Yves Lavoie est en contact avec les commissions scolaires et les écoles primaires et secondaires de Montréal, bien sûr, mais aussi de Laval, des Laurentides, de Lanaudière et de la Montérégie. «Dans la mesure du possible, je propose aux étudiants des lieux de stage à proximité de leur lieu de résidence», dit-il.

Accompagner les étudiants

Jusqu'en 1998, les futurs enseignants en arts devaient travailler pendant deux ans avant d'obtenir leur brevet d'enseignement. La donne a changé lorsque le ministère de l'Éducation a décidé de faire passer le nombre de jours de stage de 40 à 100, ajoutant deux stages et allongeant ainsi le baccalauréat de 3 à 4 ans. Les étudiants qui désirent enseigner l'art dramatique, les arts visuels et médiatiques, la musique ou la danse effectuent donc quatre stages durant leur cheminement, à raison de un par année: un stage d'exploration de 8 jours, deux stages d'enseignement de 21 jours, l'un au primaire et l'autre au secondaire, et un stage final de 50 jours.
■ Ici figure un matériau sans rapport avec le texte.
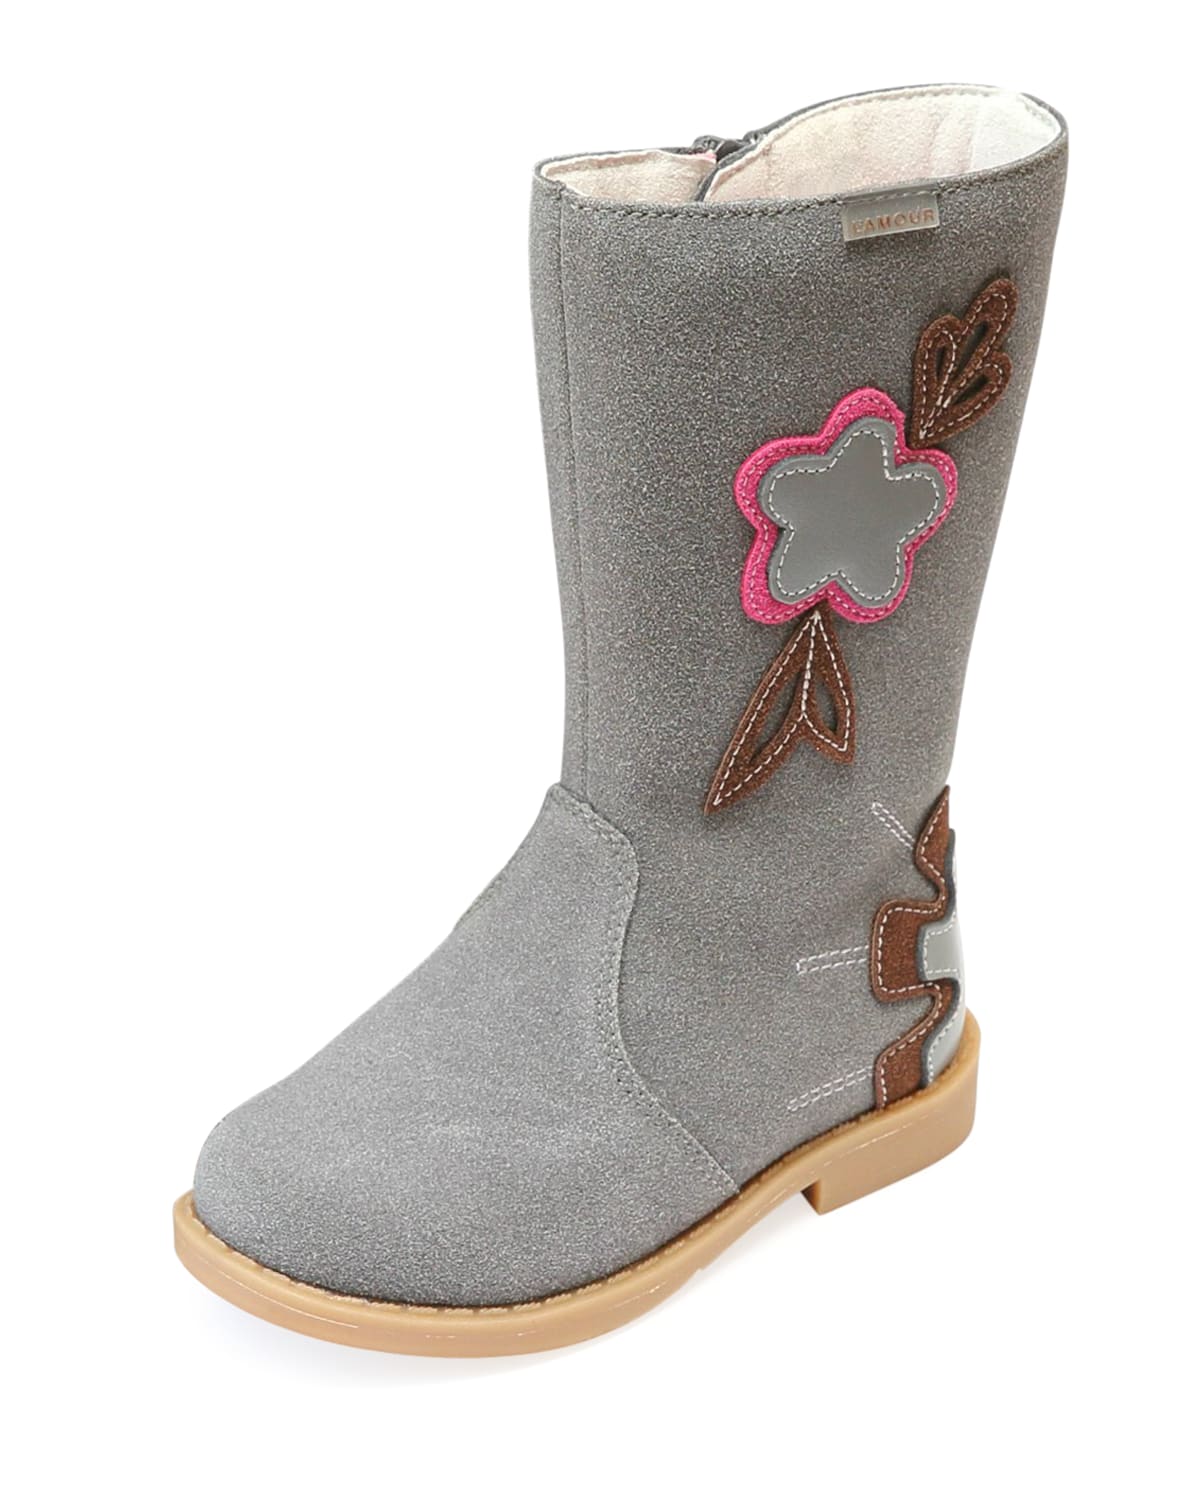 L'amour Shoes Fiore Tall Fashion Boot W/ Stitch Flowers, Baby/toddler/kids In Gray

«La formation pratique à l'intérieur du cursus a pris une importance de plus en plus grande et c'est tant mieux, estime Yves Lavoie. Les stages constituent une étape nécessaire qui confronte les étudiants à la difficile réalité de l'enseignement, laquelle contraste bien souvent avec la vision idéalisée qu'ils en avaient.» On sent qu'Yves Lavoie adore accompagner les étudiants dans ce cheminement qui les conduit aux portes du marché du travail. «Je les vois gagner en maturité et en expérience, certains partagent leurs doutes et leurs craintes, mais aussi leurs réussites. C'est formidable!»

Quels sont les secrets pour être un bon enseignant, selon lui ? «Cela peut paraître trivial, mais il faut être en forme physiquement, parce qu'enseigner toute la journée est exigeant, dit-il. Il faut aussi être bien préparé, être capable de se concentrer tout en étant à l'écoute des élèves et, bien sûr, il faut être passionné pour sa matière.»

Se sentir utile

Père de trois filles, dont deux sont diplômées de l'UQAM – Marie-Hélène Lavoie (B. Ed. éducation préscolaire et enseignement primaire/perfectionnement, 04) et Arkadi Lavoie-Lachapelle (B.A. arts visuels et médiatiques, 13) –, Yves Lavoie n'est pas encore prêt pour la retraite. «J'adore mes enfants et mes petits-enfants, je jardine avec passion depuis une trentaine d'années et je fais beaucoup de vélo, mais je ne suis pas encore prêt à quitter l'UQAM, note-t-il avec philosophie. J'ai besoin de rendre service, de me sentir utile dans la vie et mon travail répond encore à ces aspirations.»

Une bourse Yves-Lavoie

Yves Lavoie a créé cette année un fonds capitalisé de 25 000 dollars à la Fondation de l'UQAM. Particulièrement sensible aux difficultés vécues par les parents-étudiants et ceux dont la langue maternelle n’est pas le français, il estime que «c’est un groupe d'étudiants dont il faut reconnaître les efforts.»  Ainsi, grâce aux revenus générés par le Fonds Yves-Lavoie, des bourses seront remises à ces étudiants, futurs enseignants issus de la Faculté des arts, dont le donateur admire la ténacité.